性能比较位于http://jsperf.com/vnmzc。虽然第二个解决方案更快,但两者的性能都是 O(n) 并且它们之间的实际差异将无关紧要,因此第一个解决方案可能更可取,因为它更简单,更通用。
回答by Ivan Klass
If you have to manipulate data a lot I would recommend underscoreframework. This is how solution will look in it:
如果您必须大量操作数据,我会推荐下划线框架。这是解决方案的外观:
/*
We group items into object that looks like {group: attributes, ..}
Then for each group we create result object denoting group,
and extend result with object created from keys and values of attributes
*/
_.map(_.groupBy(items, function (item) {return item.Group}),
function (attributes, group) {
return _.extend({Group: group},
_.object(_.pluck(attributes, 'Key'),
_.pluck(attributes, 'Value')))
})
回答by user3771408
I need help with a similar problem, buy I want to sum values.
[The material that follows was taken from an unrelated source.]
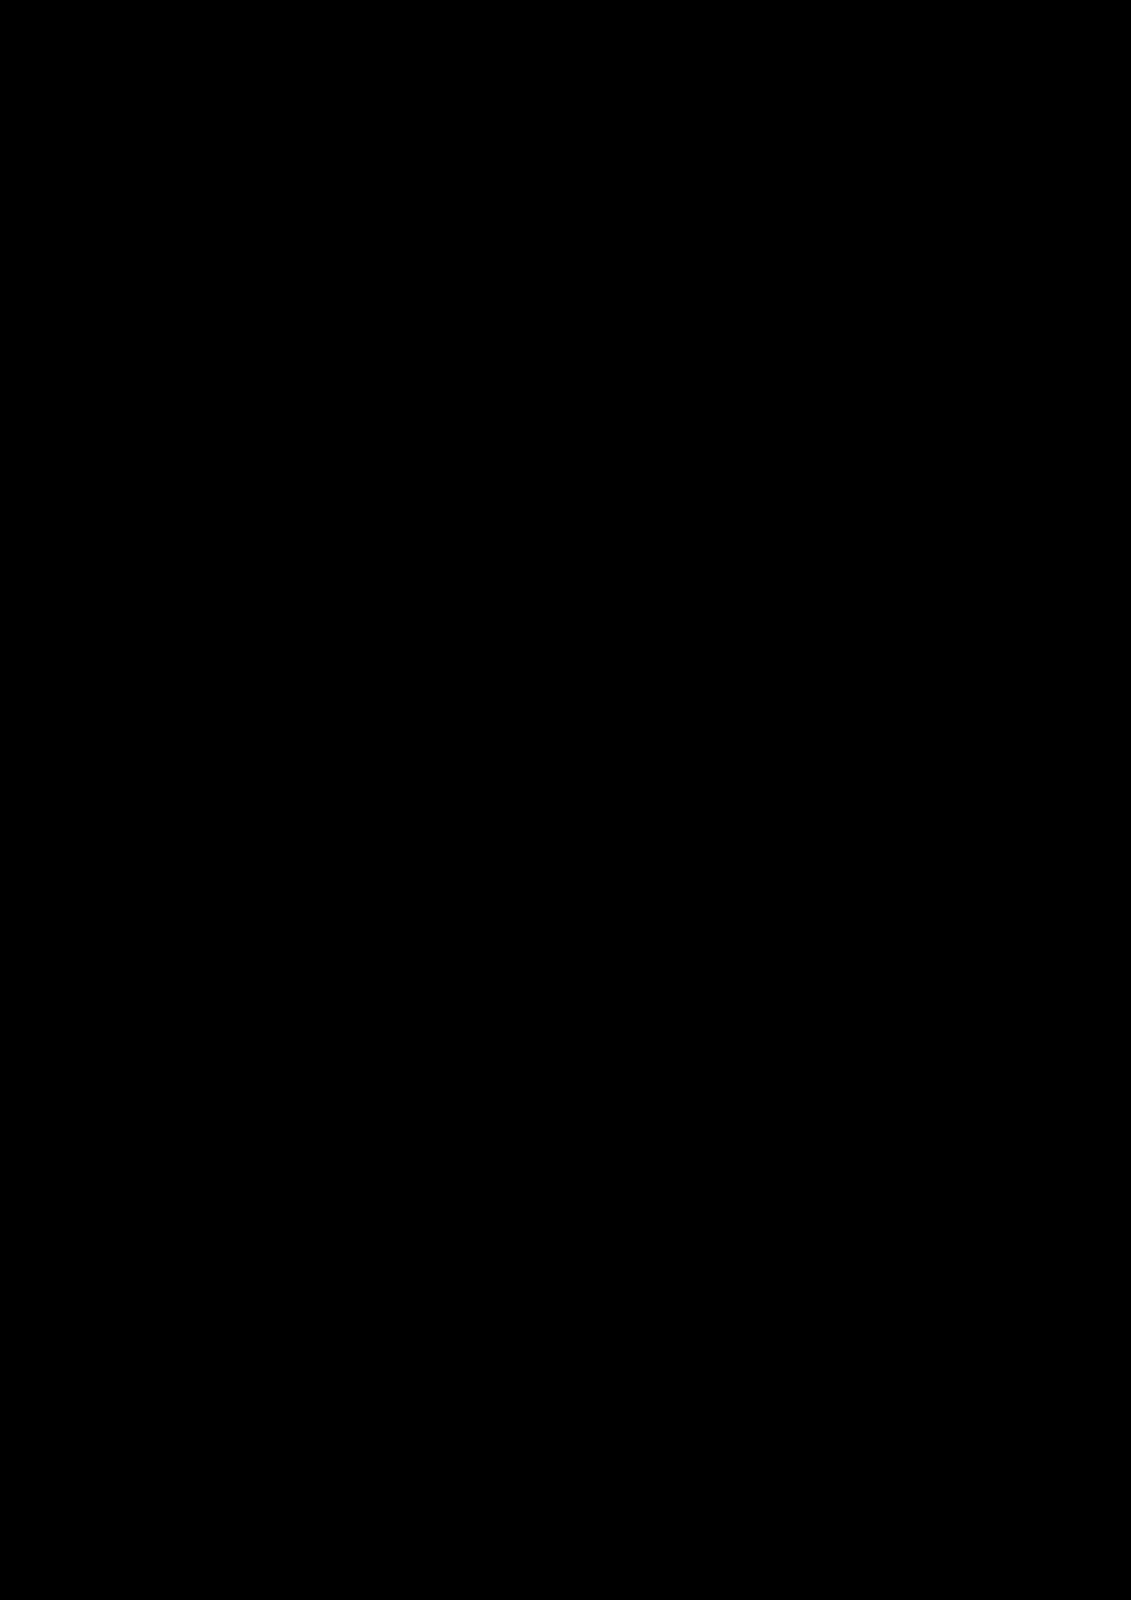 Diegosax The Lord Of The Rings De Howard Shore Partitura De El Senor De Los Anillos Para Flauta Saxofon Trompeta Clarinete Violin Saxo Tenor Trombon Tuba Viola Chelo Violin Oboe Trompa Corno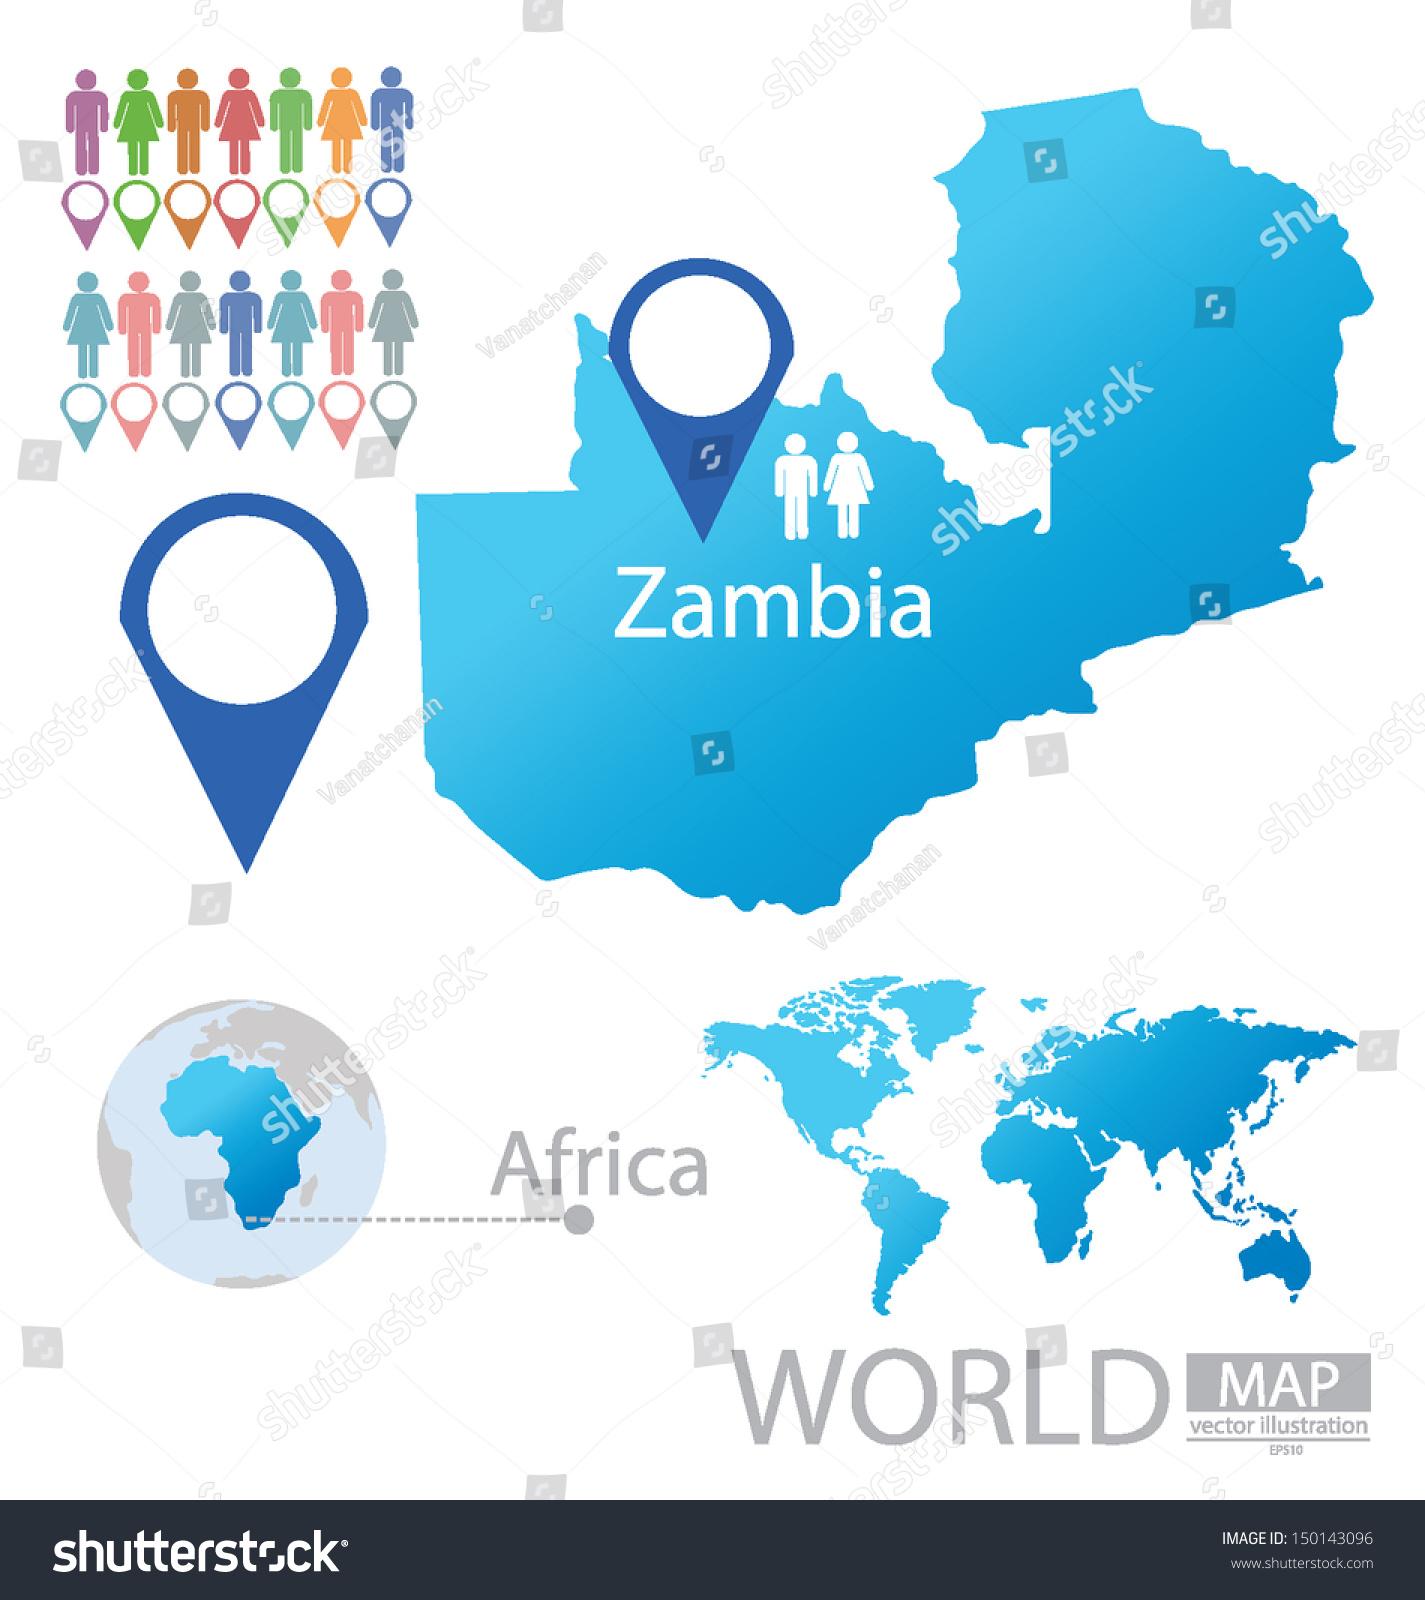 Republic zambia world map vector illustration stock photo photo republic of zambia world map vector illustration gumiabroncs Gallery

I have this array with objects
我需要帮助解决类似的问题,购买我想求和的值。我有这个带有对象的数组
var myArrWithObj = [
{DateToSort: "Jul2014", ValueOneToSum: "60", ValueTwoToSum: "15"},
{DateToSort: "Jul2014", ValueOneToSum: "30", ValueTwoToSum: "50"},
{DateToSort: "Jul2014", ValueOneToSum: "12", ValueTwoToSum: "22"},
{DateToSort: "Aug2014", ValueOneToSum: "65", ValueTwoToSum: "25"},
{DateToSort: "Aug2014", ValueOneToSum: "13", ValueTwoToSum: "10"},
{DateToSort: "Aug2014", ValueOneToSum: "90", ValueTwoToSum: "20"},
{DateToSort: "Sep2014", ValueOneToSum: "60", ValueTwoToSum: "15"},
{DateToSort: "Sep2014", ValueOneToSum: "60", ValueTwoToSum: "18"},
{DateToSort: "Sep2014", ValueOneToSum: "75", ValueTwoToSum: "18"}
];
and I want the user to choose what month to sum from an option menu.
我希望用户从选项菜单中选择要汇总的月份。
So If the user selects August 2014from the select menu, I want to sum all the ValueOneToSumvalues and ValueTwoToSumvalues based on Aug2014, how could I do that?
因此,如果用户August 2014从选择菜单中进行选择,我想将所有ValueOneToSum值和ValueTwoToSum基于的值相加,我该Aug2014怎么做?
For example: the totalSumOnefor Aug2014would be 168and totalSumTwowould be 55.
例如:totalSumOneforAug2014将是168并且totalSumTwo将是55。